Woodstox and the w3c 503 error

4:06 PM 1 Comments

This morning, I was testing our static analysis tool and it threw a very strange error:

Could not read source file: Server returned HTTP response code: 503 for URL http://www.w3.org/TR/xhtml1/DTD/xhtml1-transitional.dtd

It came from the Woodstox parser when it was trying to parse the dtd listed in the html tag of one of our files.

So, I browsed to said dtd and found this page instead:

IP blocked due to re-requesting files too often

Your IP address has been blocked from accessing our site for 24 hours due to abuse.

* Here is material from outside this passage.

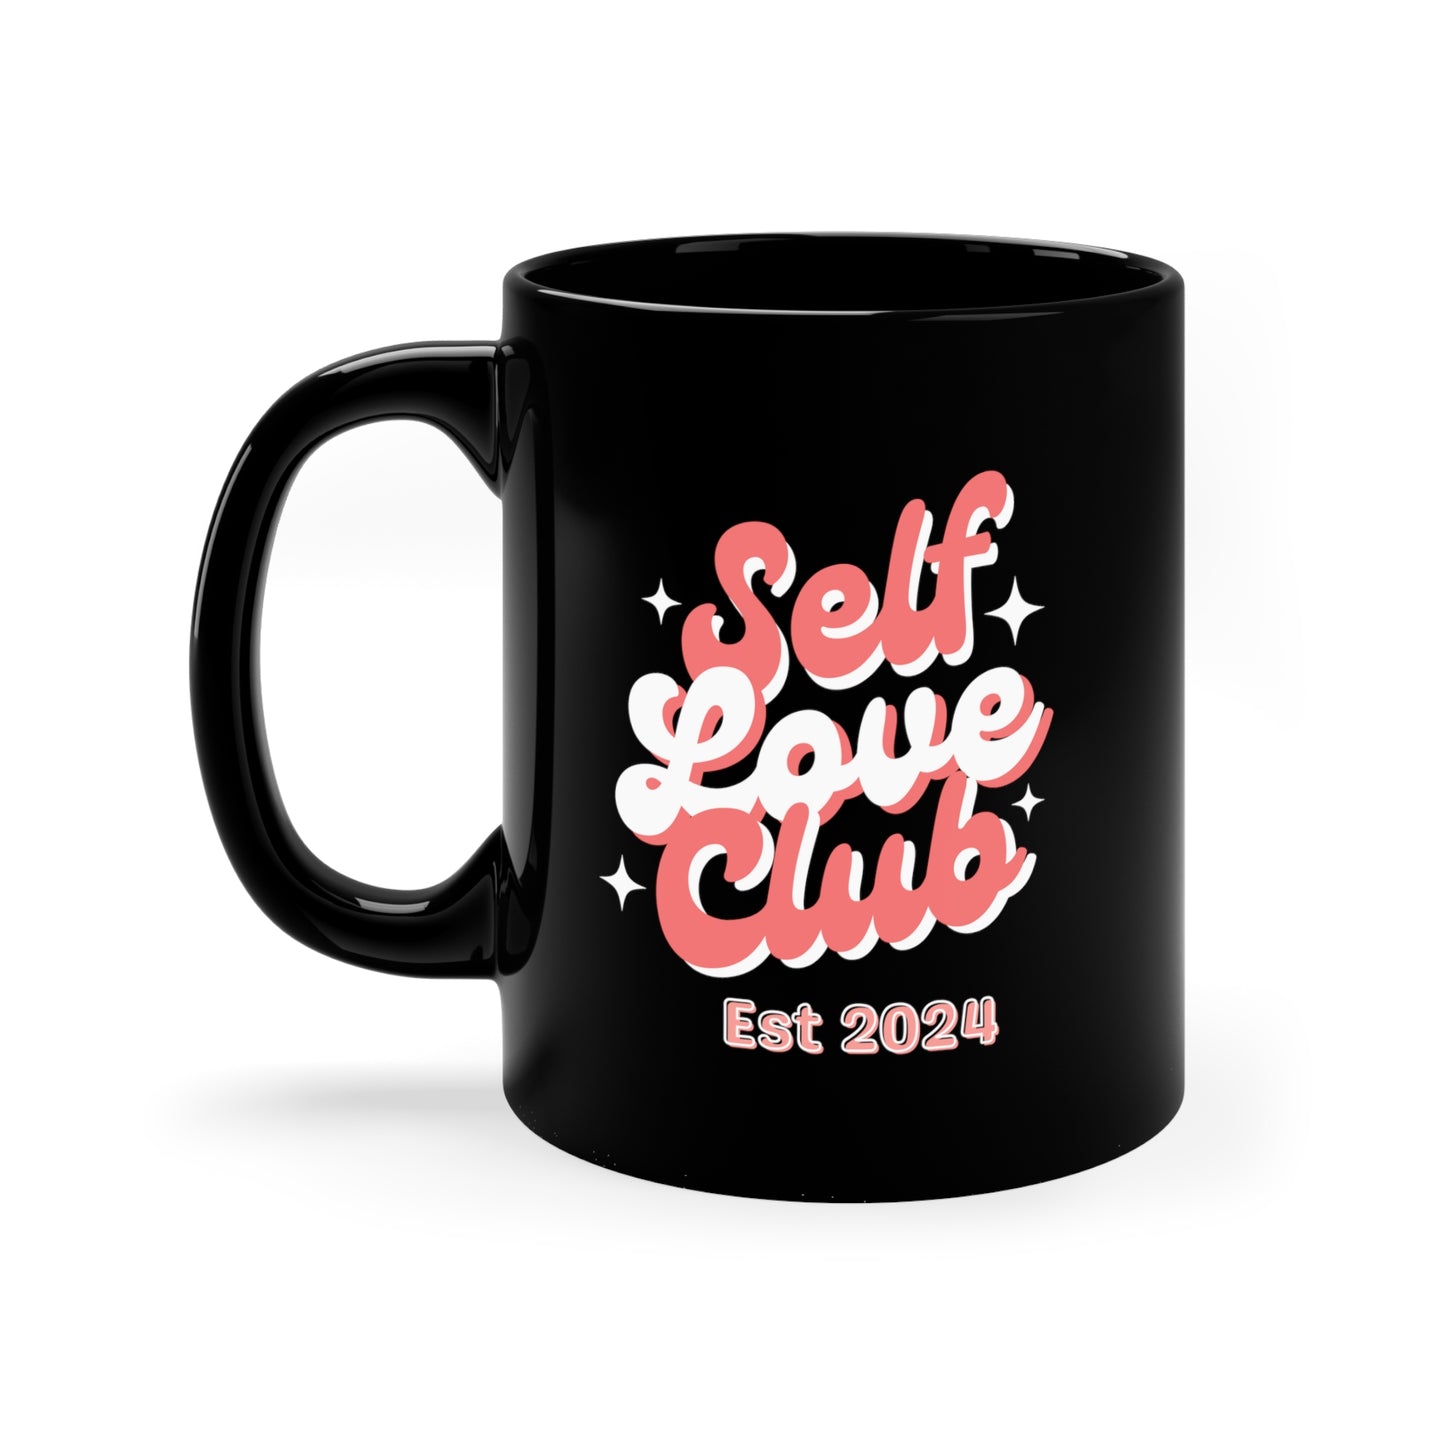 Self Love Club Est 2024 11oz Black Mug
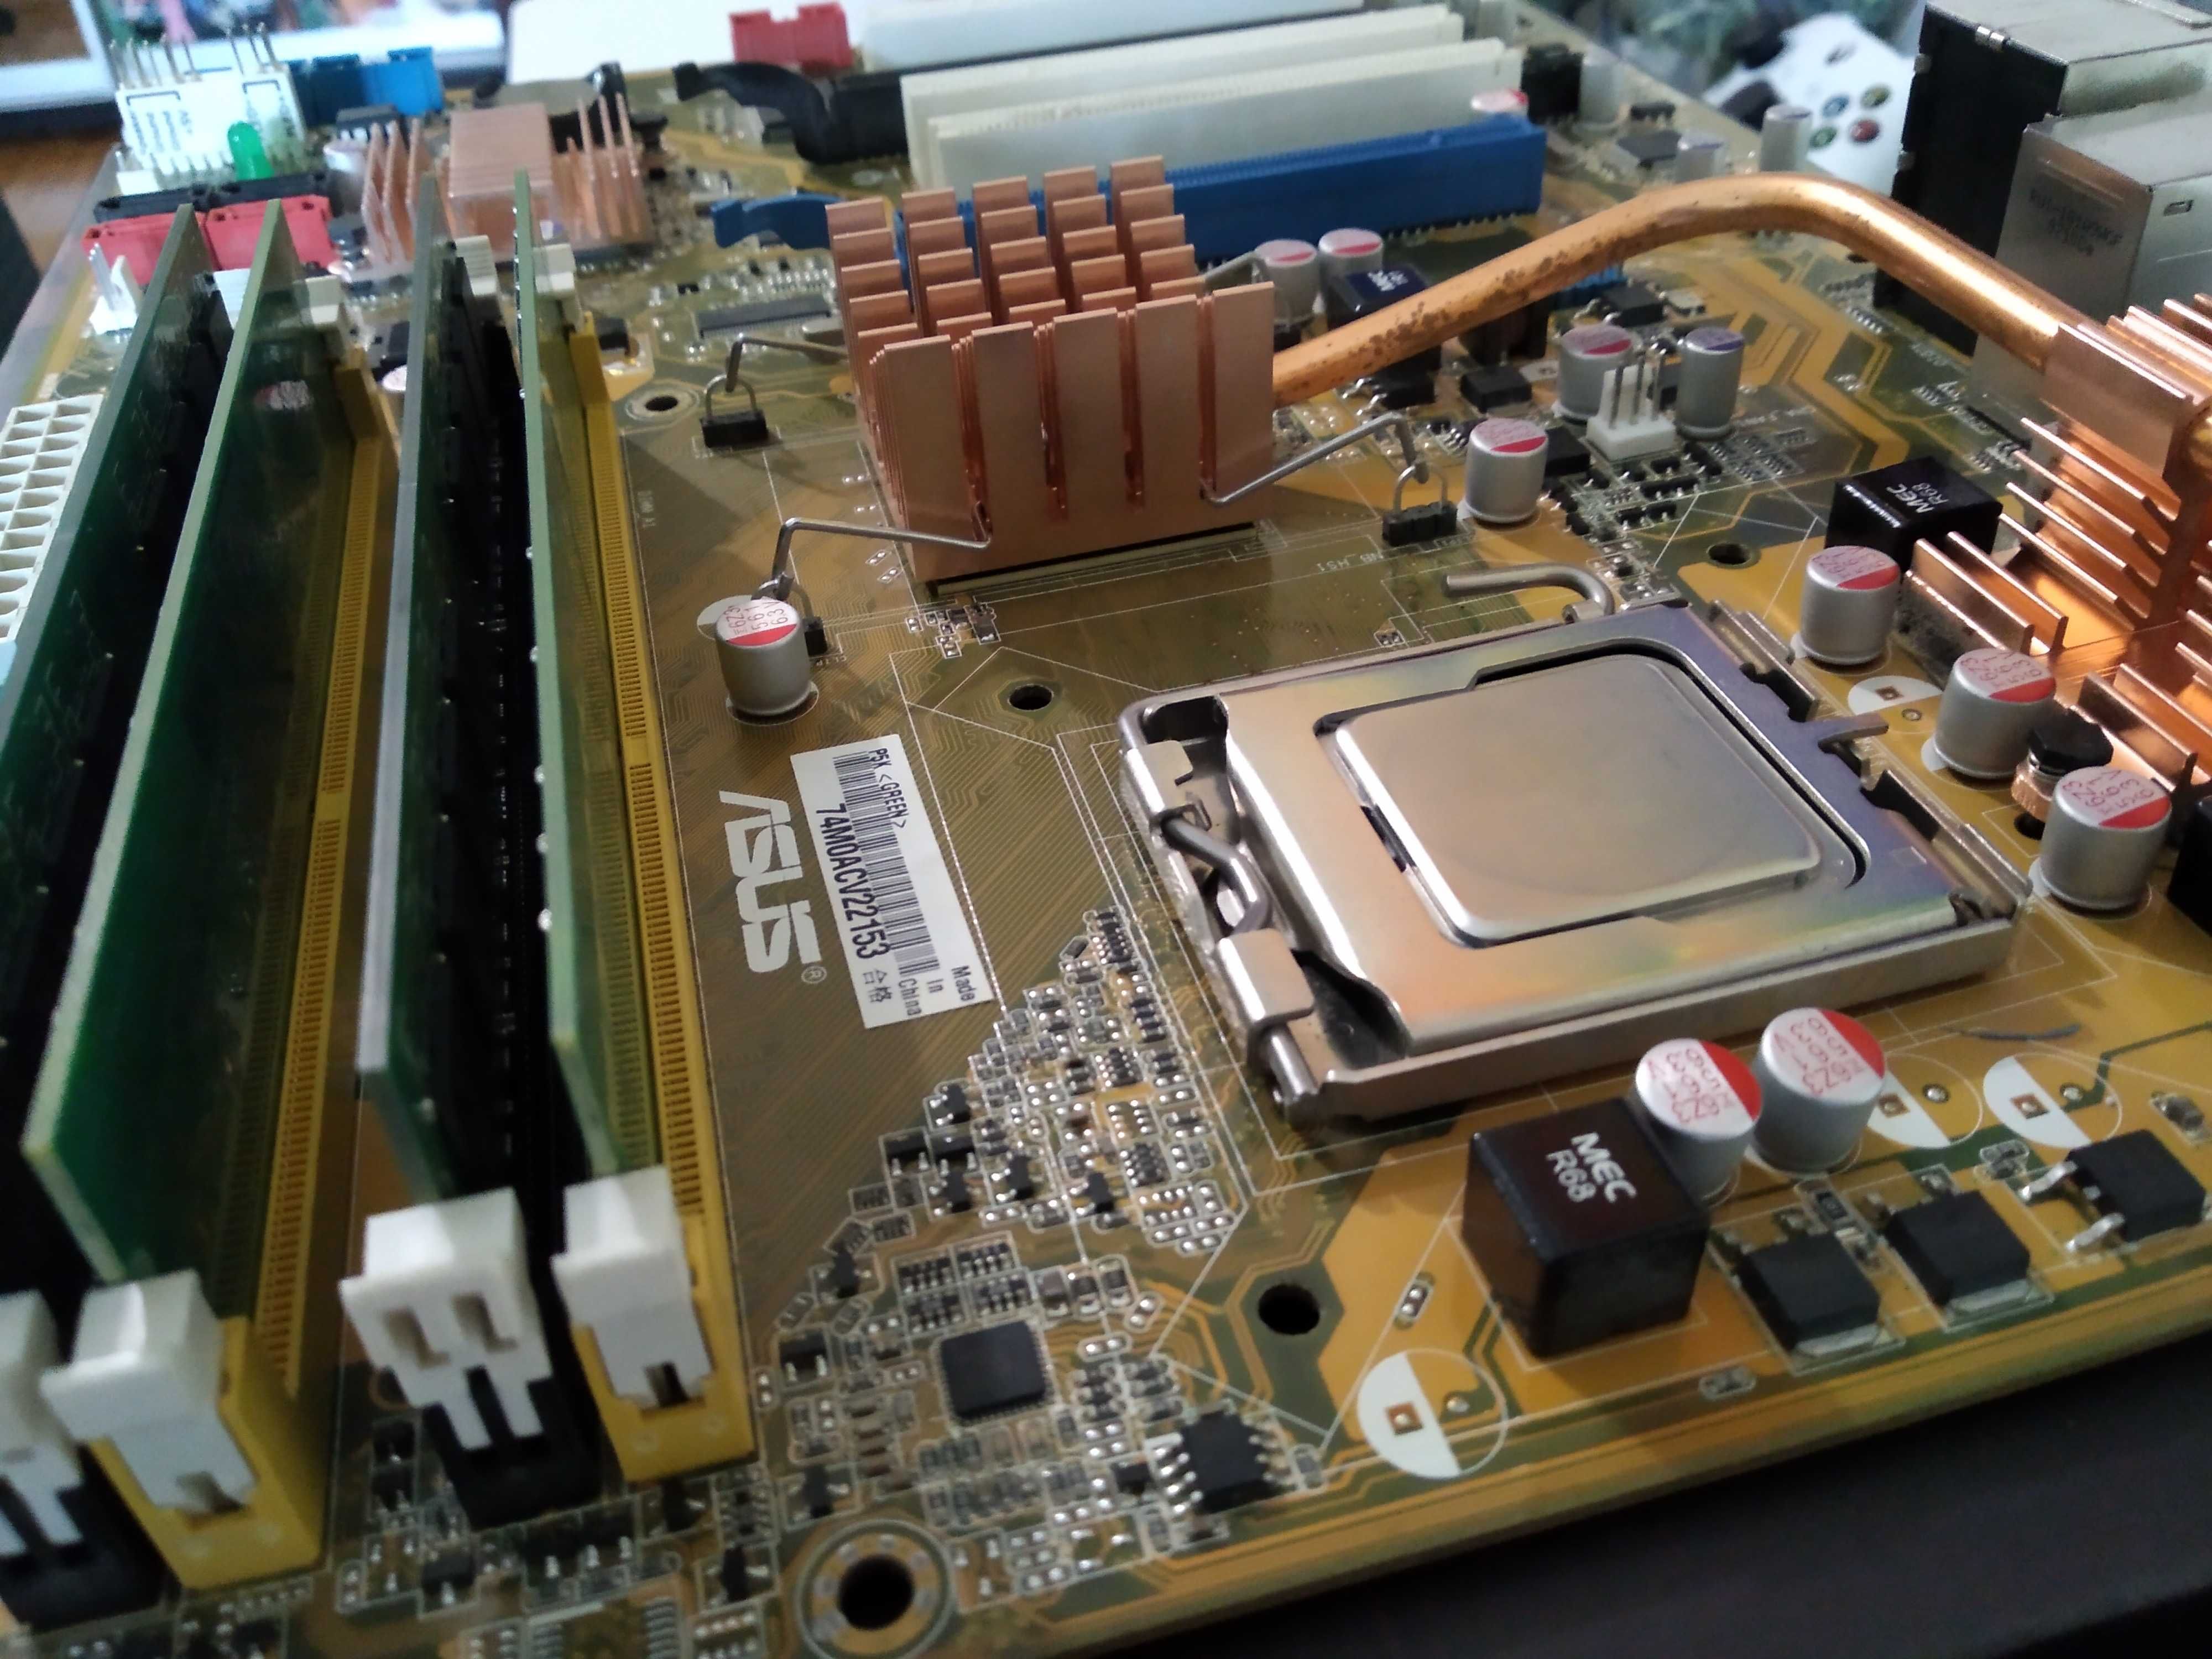 Asus p5k (motherboard), lga 775 + CPU core 2 duo E8500 + 4×1 gb -ddr2

The specific type of abuse we observed is: re-requesting the same resource too frequently. Specifically, we received at least 500 requests for the same resource (URI) from your IP address within a ten-minute time interval.

If you are using an application that makes HTTP requests to other sites, please configure it to use an outgoing HTTP cache instead of re-requesting the same files over and over again.

... and so on.

So, this led me to a lot of interesting research that I won't go over here. I am simply going to show one way that I learned around the issue with the Java XMLStreamReader and Woodstox.

To get an XMLStreamReader, one can do this:

InputStream is = ...;
XMLInputFactory factory = XMLInputFactory.getInstance();
XMLStreamReader reader = factory.createXMLStreamReader(is);

This will create a "ValidatingStreamReader" which is going to request the dtd each time it sees one. Thus, the complaint from w3c that its xhtml1-transitional dtd was being requested to often.

There are two ways that I see to solve this, and I found one after digging in the API for a few minutes. If I change my code to read this:

InputStream is = ...;
XMLInputFactory factory = XMLInputFactory.getInstance();
factory.setProperty(XMLInputFactory.SUPPORT_DTD, false);
XMLStreamReader reader = factory.createXMLStreamReader(is);

Then it won't request any dtds when parsing the xml file.

I found another property when digging through the Woodstox code that I can't figure out how to access. It was in InputConfigFlags and is referenced in ReaderConfig, which is an object fashioned in the Woodstox implementation of XMLStreamReader:

* If true, input factory is allowed cache parsed external DTD subsets,
* potentially speeding up things for which DTDs are needed for: entity
* substitution, attribute defaulting, and of course DTD-based validation.
final static int CFG_CACHE_DTDS = 0x00010000;

This seems like the more appropriate solution. Any ideas on how to access it?


"I love to teach, as a painter loves to paint, as a singer loves to sing, as a musician loves to play" - William Lyon Phelps

1 comment:

  1. Found it. In the StAX InputFactory, called XmlInputFactory2, there is a method called configureForSpeed(). While not the ideal solution--configureForSpeed() undoubtedly sets up other configurations in addition to caching DTDs--it appears to activate a caching mechanism.